Ota Kazuhiro, Takeuchi Toshihisa, Ozaki Haruhiko, Harada Satoshi, Kojima Yuichi, Higuchi Kazuhide
2nd Department of Internal Medicine, Osaka Medical College, Japan.
Intern Med. 2015;54(9):1049-52. doi: 10.2169/internalmedicine.54.3987. Epub 2015 May 1.
There are no previous reports of esophageal perforation due to endoscopic submucosal dissection developing into pyothorax. We herein describe a case of esophageal healing following perforation in a 60-year-old woman undergoing esophageal endoscopic submucosal dissection.

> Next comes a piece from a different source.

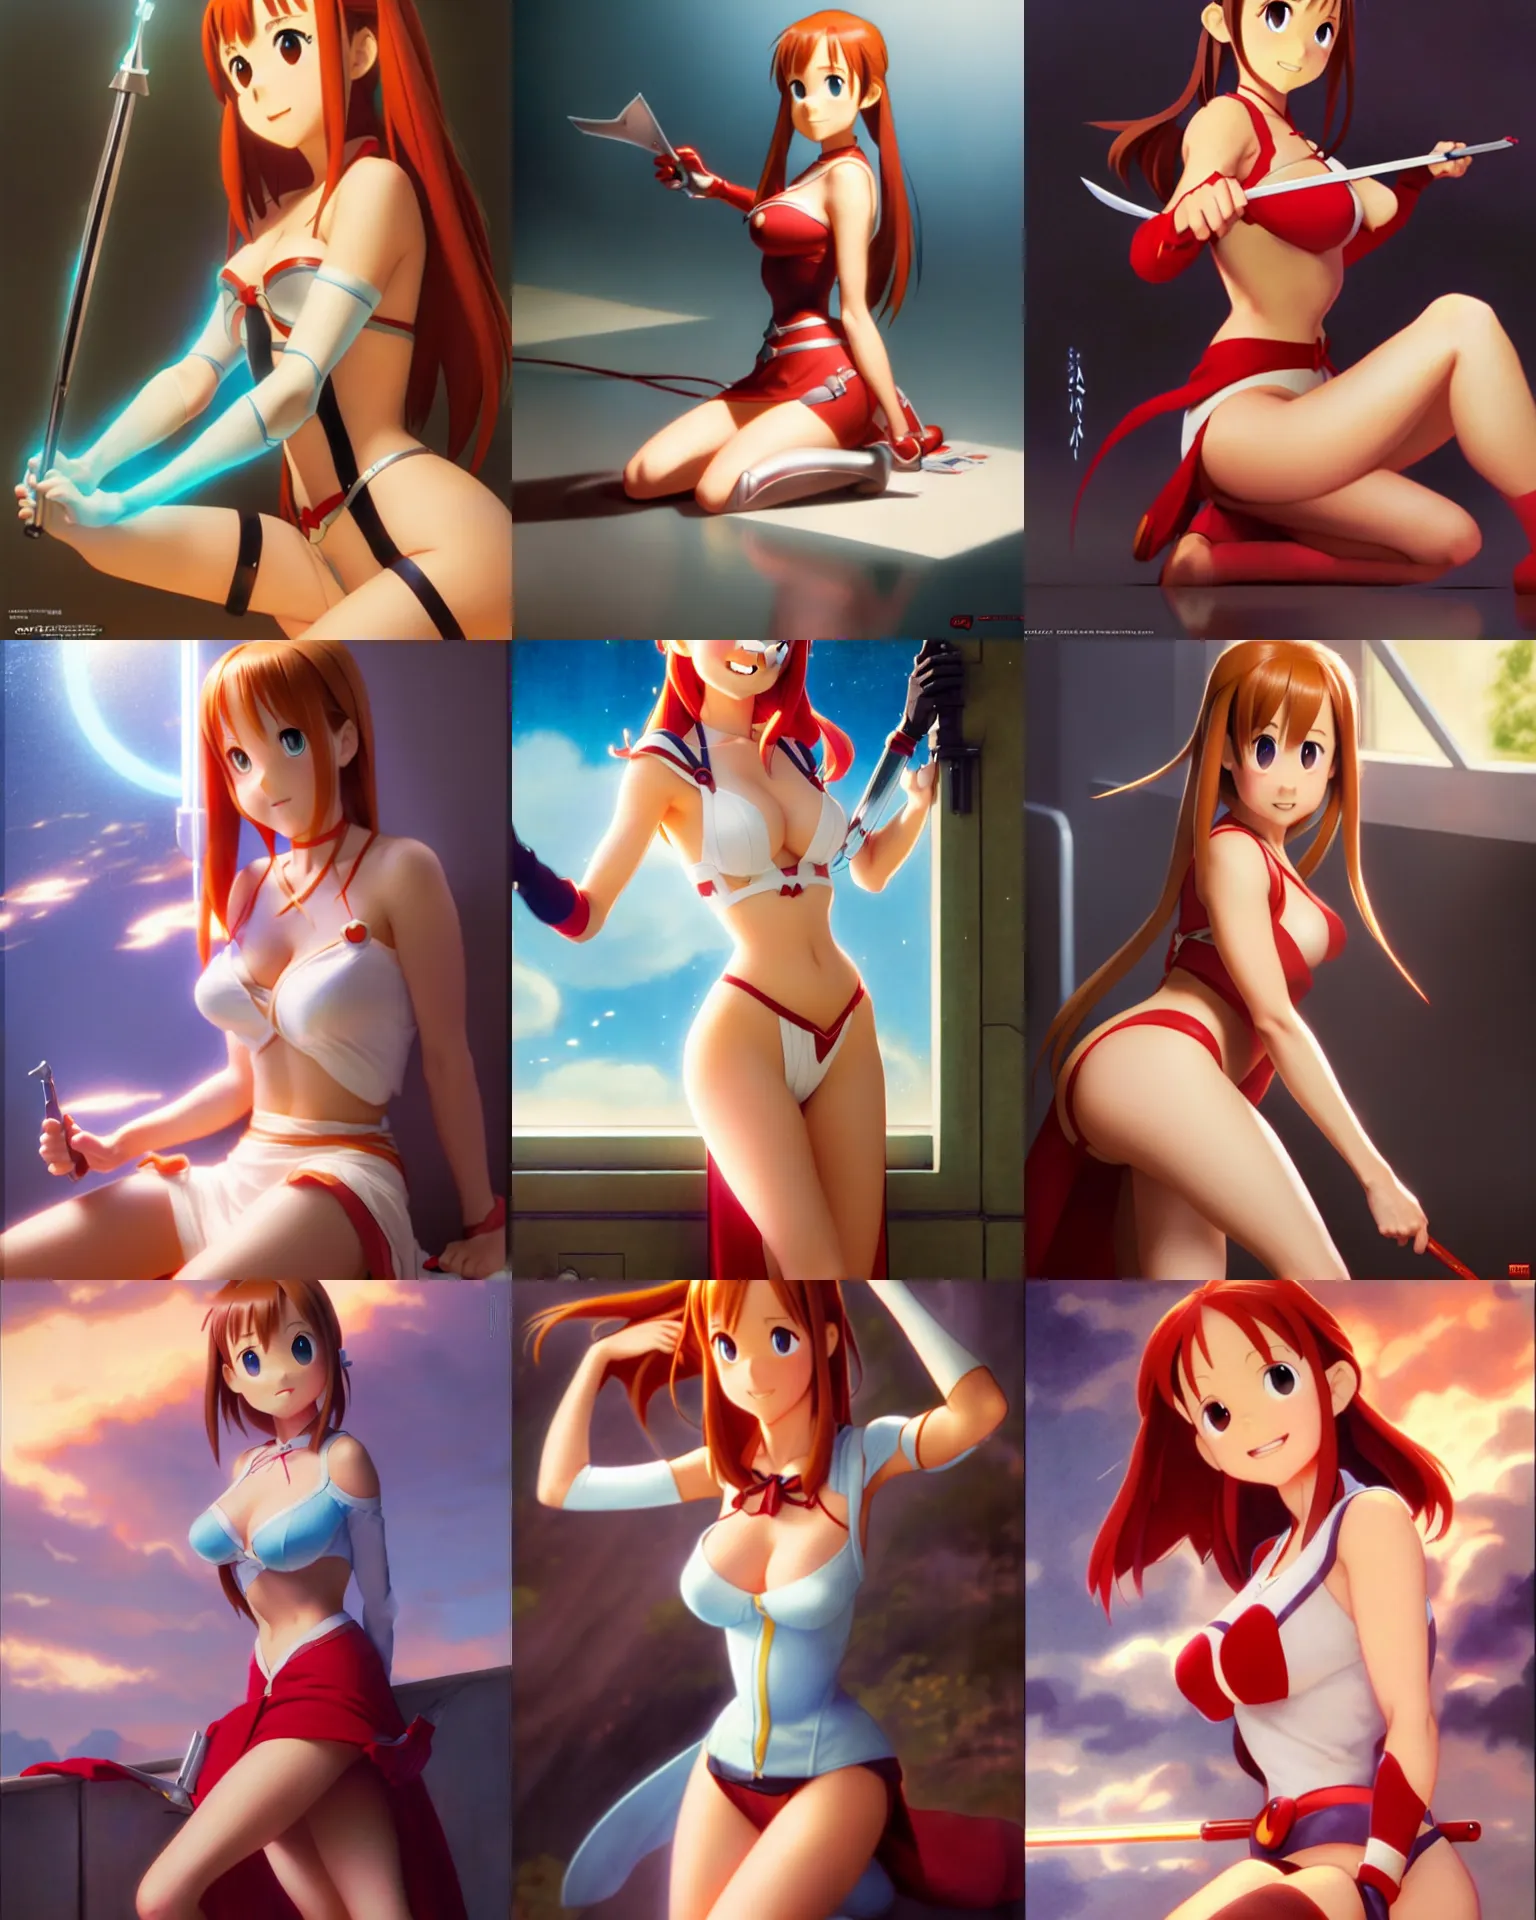 Prompt: pixar movie still pinup photo of asuna from sao play with herself, asuna by a - 1 pictures, by greg rutkowski, gil elvgren, enoch bolles, glossy skin, pearlescent, anime, maxim magazine, very coherent

Post-procedural computed tomography revealed pyothorax in the right thoracic cavity, compressing the right lung. The pyothorax did not improve despite treatment with thoracic drainage because the esophageal lumen was connected to the right thoracic cavity. In order to close the site of esophageal perforation, we inserted a covered self-expandable metal stent. The affected site subsequently healed without complications, allowing the drainage tube and stent to be removed.
既往尚无关于内镜黏膜下剥离术导致食管穿孔并发脓胸的报道。我们在此描述一例60岁女性在接受食管内镜黏膜下剥离术后食管穿孔愈合的病例。术后计算机断层扫描显示右胸腔有脓胸,压迫右肺。尽管进行了胸腔引流治疗,但脓胸仍未改善,因为食管腔与右胸腔相通。为了闭合食管穿孔部位,我们插入了一个带覆膜的自膨式金属支架。随后,病变部位顺利愈合,无并发症发生,引流管和支架得以拔除。